1

I'm working on a program that requires calculating the inverse of an 8x8 matrix as fast as possible. Here's the code I wrote:

class matrix
{
public:
    int w, h;
    std::vector<std::vector<float>> cell;

    matrix(int width, int height)
    {
        w = width;
        h = height;
        cell.resize(width);
        for (int i = 0; i < cell.size(); i++)
        {
            cell[i].resize(height);
        }
    }
};

matrix transponseMatrix(matrix M)
{
    matrix A(M.h, M.w);

    for (int i = 0; i < M.h; i++)
    {
        for (int j = 0; j < M.w; j++)
        {
            A.cell[i][j] = M.cell[j][i];
        }
    }

    return A;
}

float getMatrixDeterminant(matrix M)
{
    if (M.w != M.h)
    {
        std::cout << "ERROR! Matrix isn't of nXn type.\n";
        return NULL;
    }
    float determinante = 0;
    if (M.w == 1)
    {
        determinante = M.cell[0][0];
    }
    if (M.w == 2)
    {
        determinante = M.cell[0][0] * M.cell[1][1] - M.cell[1][0] * M.cell[0][1];
    }
    else
    {
        for (int i = 0; i < M.w; i++)
        {
            matrix A(M.w - 1, M.h - 1);
            int cy = 0;
            for (int y = 1; y < M.h; y++)
            {
                int cx = 0;
                for (int x = 0; x < M.w; x++)
                {
                    if (x != i)
                    {
                        A.cell[cx][cy] = M.cell[x][y];
                        cx++;
                    }
                }
                cy++;
            }

            determinante += M.cell[i][0] * pow(-1, i + 0) * getMatrixDeterminant(A);
        }
    }

    return determinante;
}

float getComplementOf(matrix M, int X, int Y)
{
    float det;

    if (M.w != M.h)
    {
        std::cout << "ERROR! Matrix isn't of nXn type.\n";
        return NULL;
    }

    if (M.w == 2)
    {
        det = M.cell[1 - X][1 - Y];
    }
    else
    {
        matrix A(M.w - 1, M.h - 1);
        int cy = 0;
        for (int y = 0; y < M.h; y++)
        {
            if (y != Y)
            {
                int cx = 0;
                for (int x = 0; x < M.w; x++)
                {
                    if (x != X)
                    {
                        A.cell[cx][cy] = M.cell[x][y];
                        cx++;
                    }
                }
                cy++;
            }
        }
        det = getMatrixDeterminant(A);
    }

    return (pow(-1, X + Y) * det);
}

matrix invertMatrix(matrix M)
{
    matrix A(M.w, M.h);
    float det = getMatrixDeterminant(M);
    if (det == 0)
    {
        std::cout << "ERROR! Matrix inversion impossible (determinant is equal to 0).\n";
        return A;
    }

    for (int i = 0; i < M.h; i++)
    {
        for (int j = 0; j < M.w; j++)
        {
            A.cell[j][i] = getComplementOf(M, j, i) / det;
        }
    }

    A = transponseMatrix(A);

    return A;
}

While it does work, it does so way too slowly for my purposes, managing to calculate an 8x8 matrix's inverse about 6 times per second.
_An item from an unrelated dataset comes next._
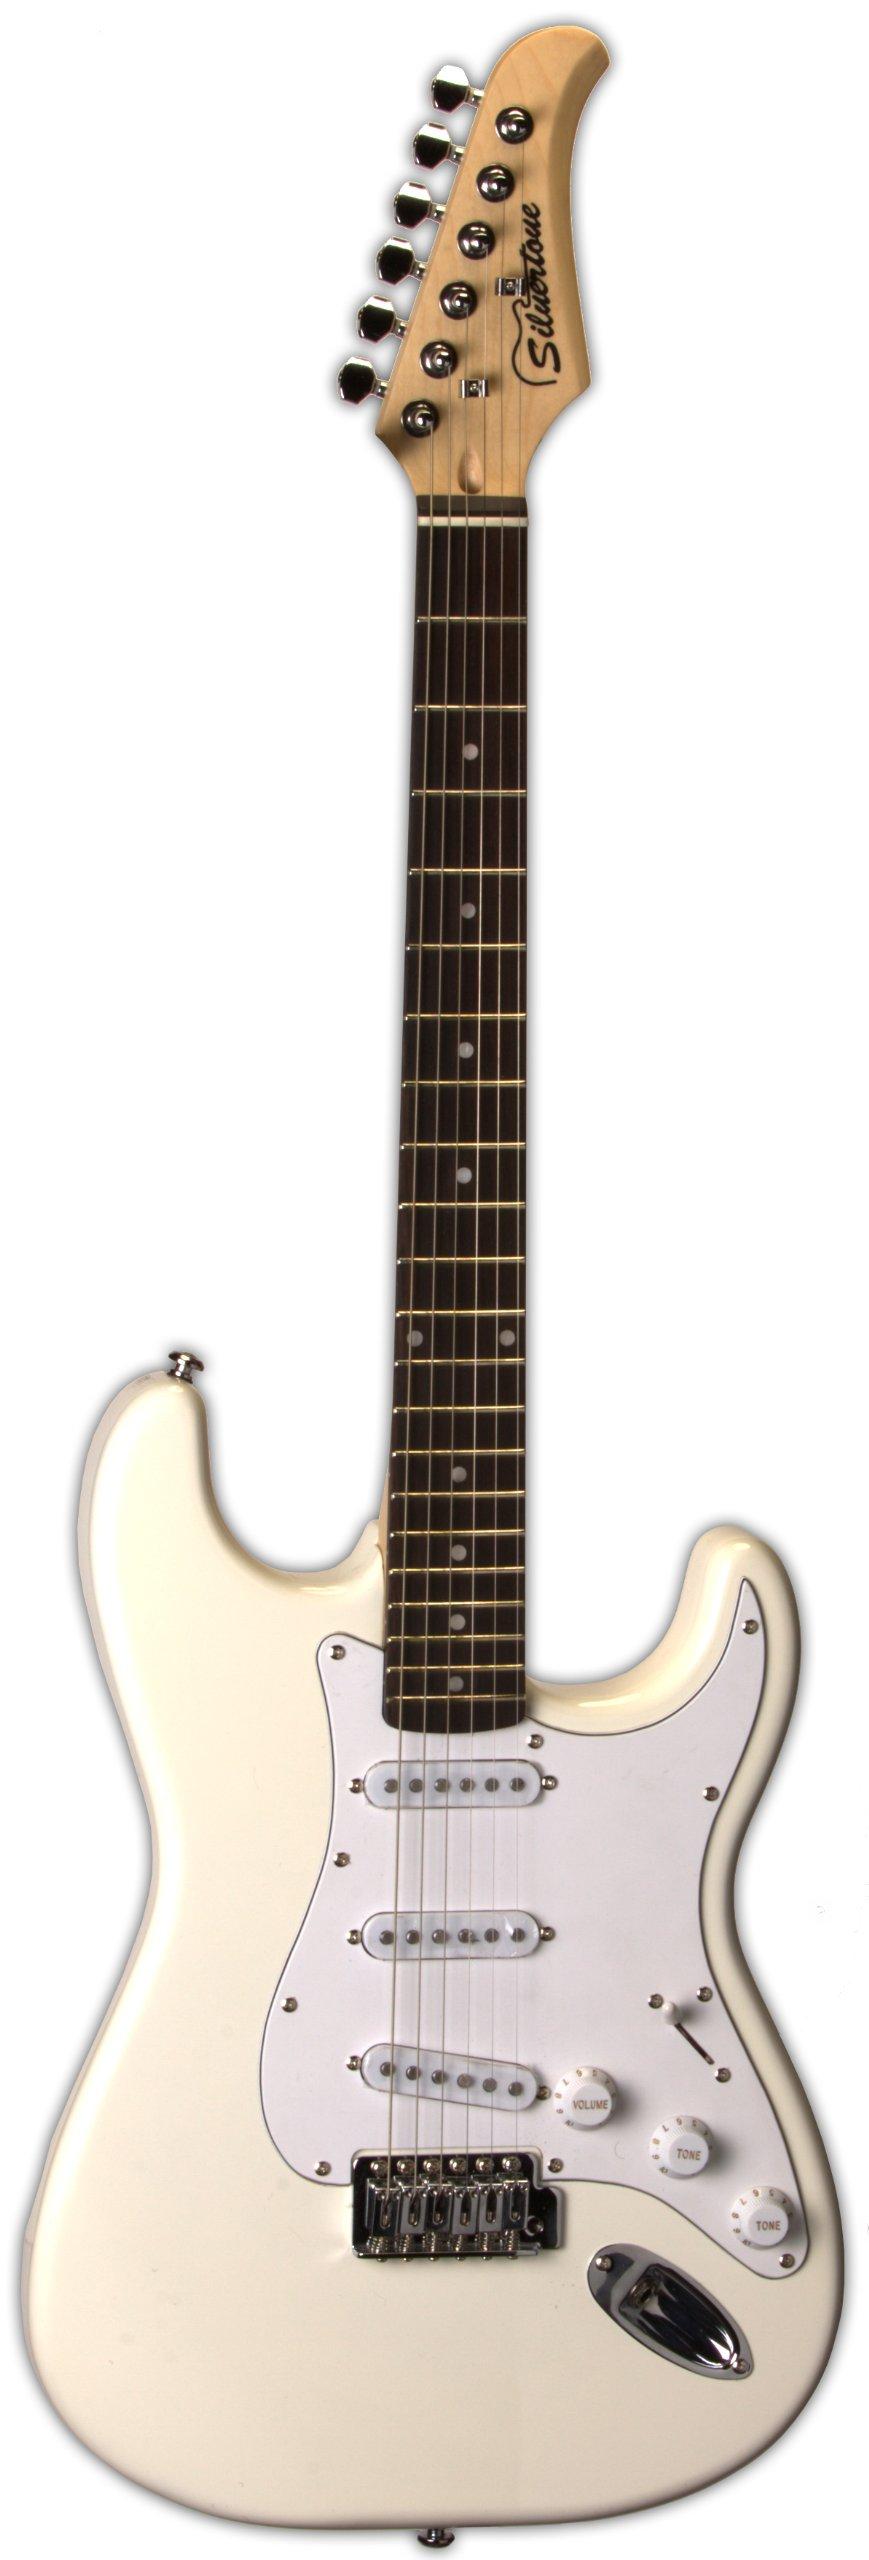 Izlasci silvertone arhitarske gitare

I've tried searching for more efficient ways to invert a matrix but was unsuccessfull in finding solutions for matrices of these dimensions. However I did find conversations in which people claimed that for matrices below 50x50 or even 1000x1000 time shouldn't be a problem, so I was wondering if I have missed something, either a faster method or some unnecessary calculations in my code.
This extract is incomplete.